Comparative Example 3 Unsaturated polyester resin 61 comprising a random copolymer having a number average molecular weight of 3300 and a molar ratio of propylene glycol / neopentyl glycol / isophthalic acid / fumaric acid of 15/35/20/30
To a solution of 27 parts of styrene, 0.65 part of t-butylperoxy-3,5,5-trimethylhexanoate as a curing agent and 0.15 part of zinc stearate as an internal mold release agent. Mixed. To 88.8 parts of this mixture, 12 parts of the acrylic polymer powder (c-4) obtained in the above Production Example (4) was further added and mixed as a thickener to prepare an unsaturated polyester resin composition. did. At this time, the temperature of the unsaturated polyester resin composition was 30 ° C., and the viscosity 30 minutes after the addition of the thickener was 50 Pa ·
s. When this acrylic resin composition was aged at 40 ° C. for 3 days to increase the viscosity, the ultimate viscosity reached 9 × 1
0 ³ Pa · s. Glass fiber is impregnated with this unsaturated polyester resin composition in the same manner as in Example 1 using this unsaturated polyester resin composition instead of the acrylic resin composition.
After increasing the viscosity to obtain an unsaturated polyester-based SMC, it was cured by heating and pressing in the same manner as in Example 1 to a thickness of 3 mm.
A 200 mm square flat unsaturated polyester resin molded product was obtained. After the weather resistance test of the unsaturated polyester resin molded article, the gloss retention of the molded article was 5.7%, and chalking occurred. ΔE * (ab) was 3.6.

[0073]

As described above, in the present invention, the fiber-reinforced agent is impregnated with the acrylic resin composition by using an acrylic polymer powder having a weight average molecular weight of 50,000 or more as a constituent component. This makes it possible to produce a thin acrylic SMC having good properties and good film peelability and handleability. In addition, by molding this acrylic SMC, it is possible to produce an acrylic molded product having high productivity, good solvent resistance, heat resistance, hot water resistance, good weather resistance and high mechanical strength. The invention is very useful industrially.

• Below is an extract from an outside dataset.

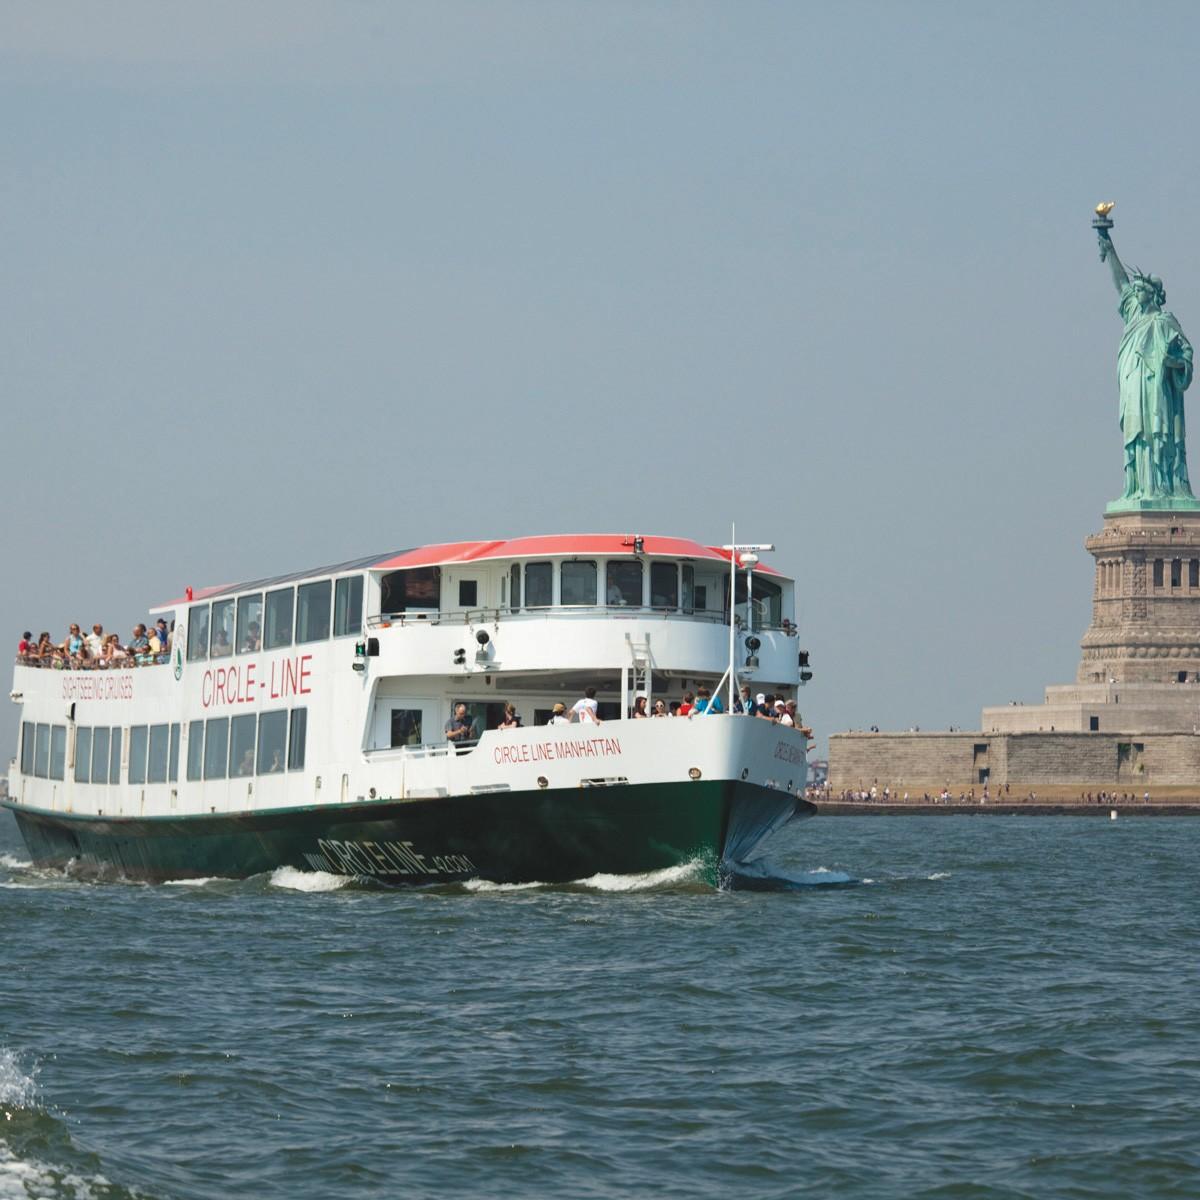 Landmark Cruise by Circle Line

 ────────────────────────────────────────────────── ─── Continuing from the front page (72) Inventor Akimasa Yanase 4-1, Ushikawa-dori, Toyohashi-shi, Aichi Prefecture F-term (reference) 4F072 AA02 AA05 AA07 AA08 AB04 AB05 AB06 AB07 AB09 AB10 AD09 AE02 AE23 AF02 AF03 AF04 AF06 AF13 AF23 AF26 AG03 AH02 AH05 AH23 AK05 AL01 4F100 AA01A AA01B AA01H AA19H AH02H AH08H AK25A AK25B AK25H AL05A AL05B BA02 BA03 BA03 CA01 BA03 BA01 BA23 BA01 BA23 EJ822 GB08 JA07A JA07B JB07 JJ03 JK01 JL02 JL05 JL09 JL14 YY00A YY00B 4J002 BB03Y BB12Y BE02Y BG00Y BG00Z BG02Z BG04W BG04X BG05W BG05X CC00Y CF00Y CF00E DJ0GE077 CL047 DE0 0

Claims (4)

[Claims] 1. An acrylic resin comprising an acrylic monomer or acrylic syrup (A), an inorganic filler (B), and an acrylic polymer powder (C) having a weight average molecular weight of 50,000 or more. An acrylic sheet molding compound comprising an acrylic compound comprising a resin composition (X) and a fiber reinforcing agent (Y) sandwiched between two release films and having a thickness of 6 mm or less. 2. The acrylic sheet molding compound according to claim 1, further comprising an inorganic filler-containing resin particle (D) as a component of the acrylic resin composition (X). . 3. An acrylic resin molded product, wherein the acrylic sheet molding compound according to claim 1 is cured by heating and pressing. 4. A method for producing an acrylic resin molded product, wherein the acrylic sheet molding compound according to claim 1 or 2 is singly or plurally laminated and then heated and press-cured.